__Data__:

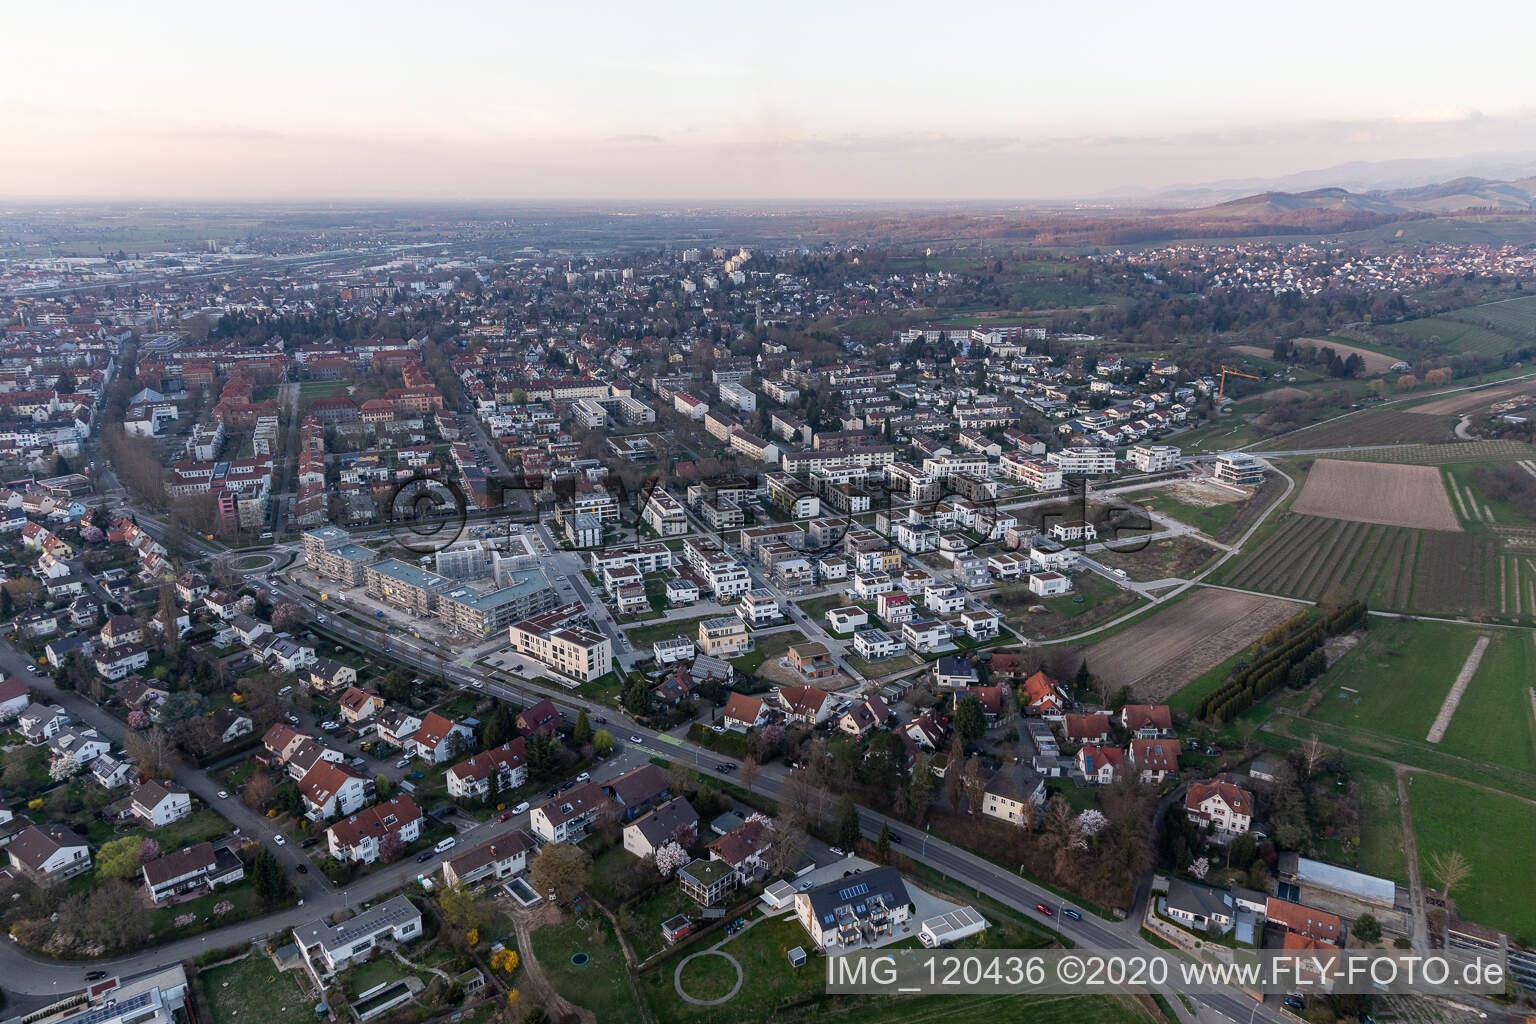 Photographie aérienne de Chantier de construction d'un nouveau quartier résidentiel dans le quartier de maisons mitoyennes Im Seidenfaden à Offenburg dans le département Bade-Wurtemberg, Allemagne
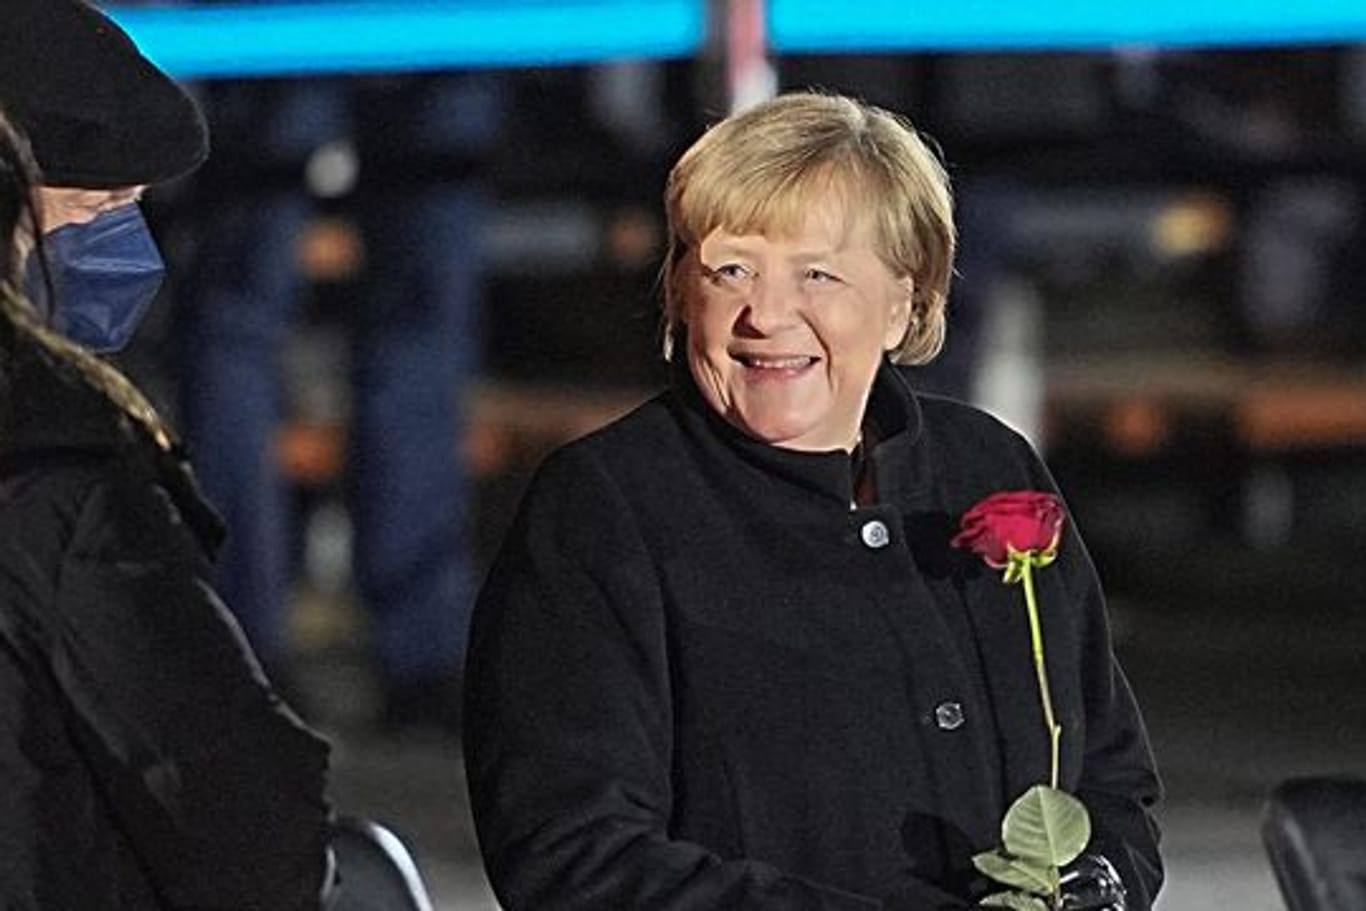 Angela Merkel: "Die 16 Jahre als Bundeskanzlerin waren ereignisreiche und oft sehr herausfordernde Jahre.
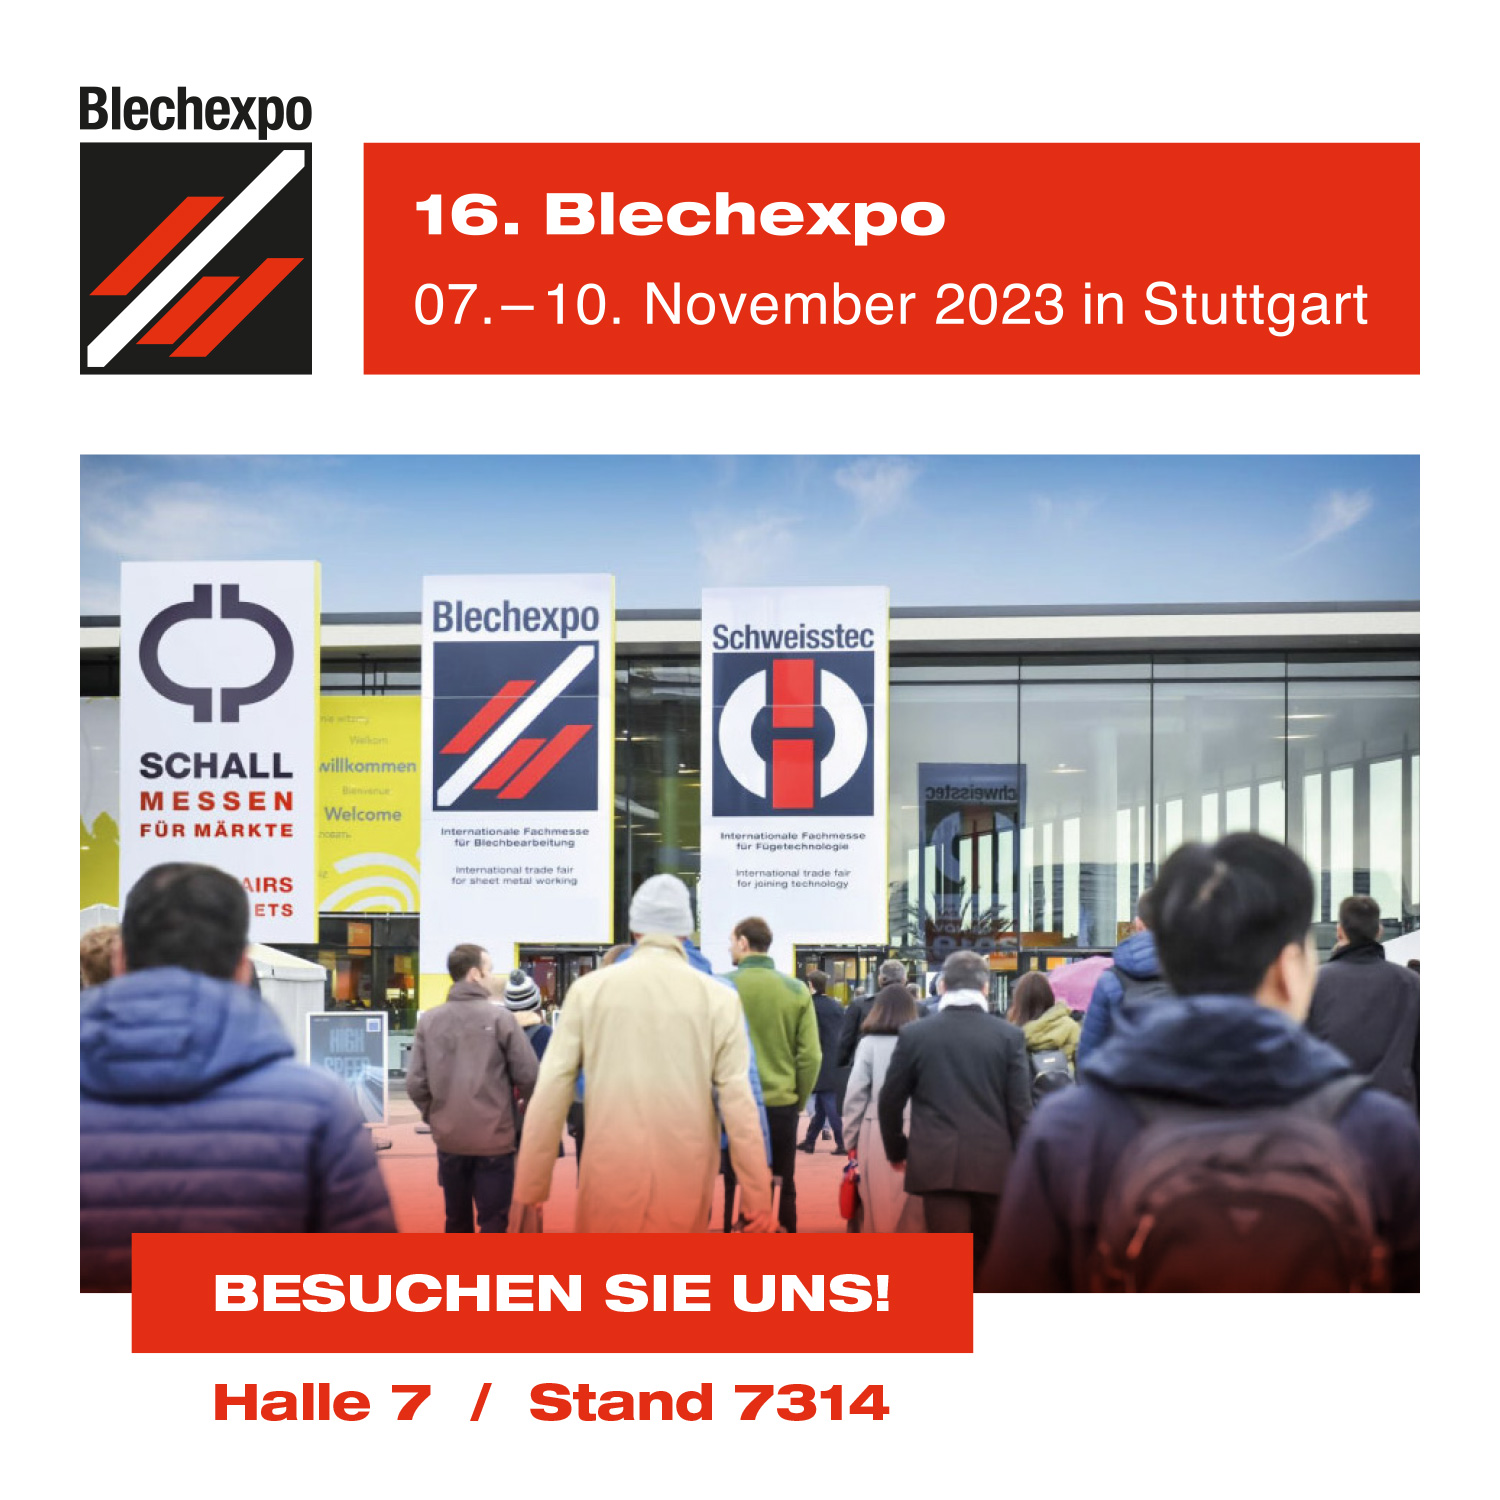 Besuchen Sie uns auf der 16. Blechexpo! 07.-10. November 2023 in Stuttgart, Halle 7 / Stand 7314

__What you need to do__: Return all the data exactly, and keep the pictures out.

__Task response__:
 Photographie aérienne de Chantier de construction d'un nouveau quartier résidentiel dans le quartier de maisons mitoyennes Im Seidenfaden à Offenburg dans le département Bade-Wurtemberg, Allemagne
 Angela Merkel: "Die 16 Jahre als Bundeskanzlerin waren ereignisreiche und oft sehr herausfordernde Jahre.
 Besuchen Sie uns auf der 16. Blechexpo! 07.-10. November 2023 in Stuttgart, Halle 7 / Stand 7314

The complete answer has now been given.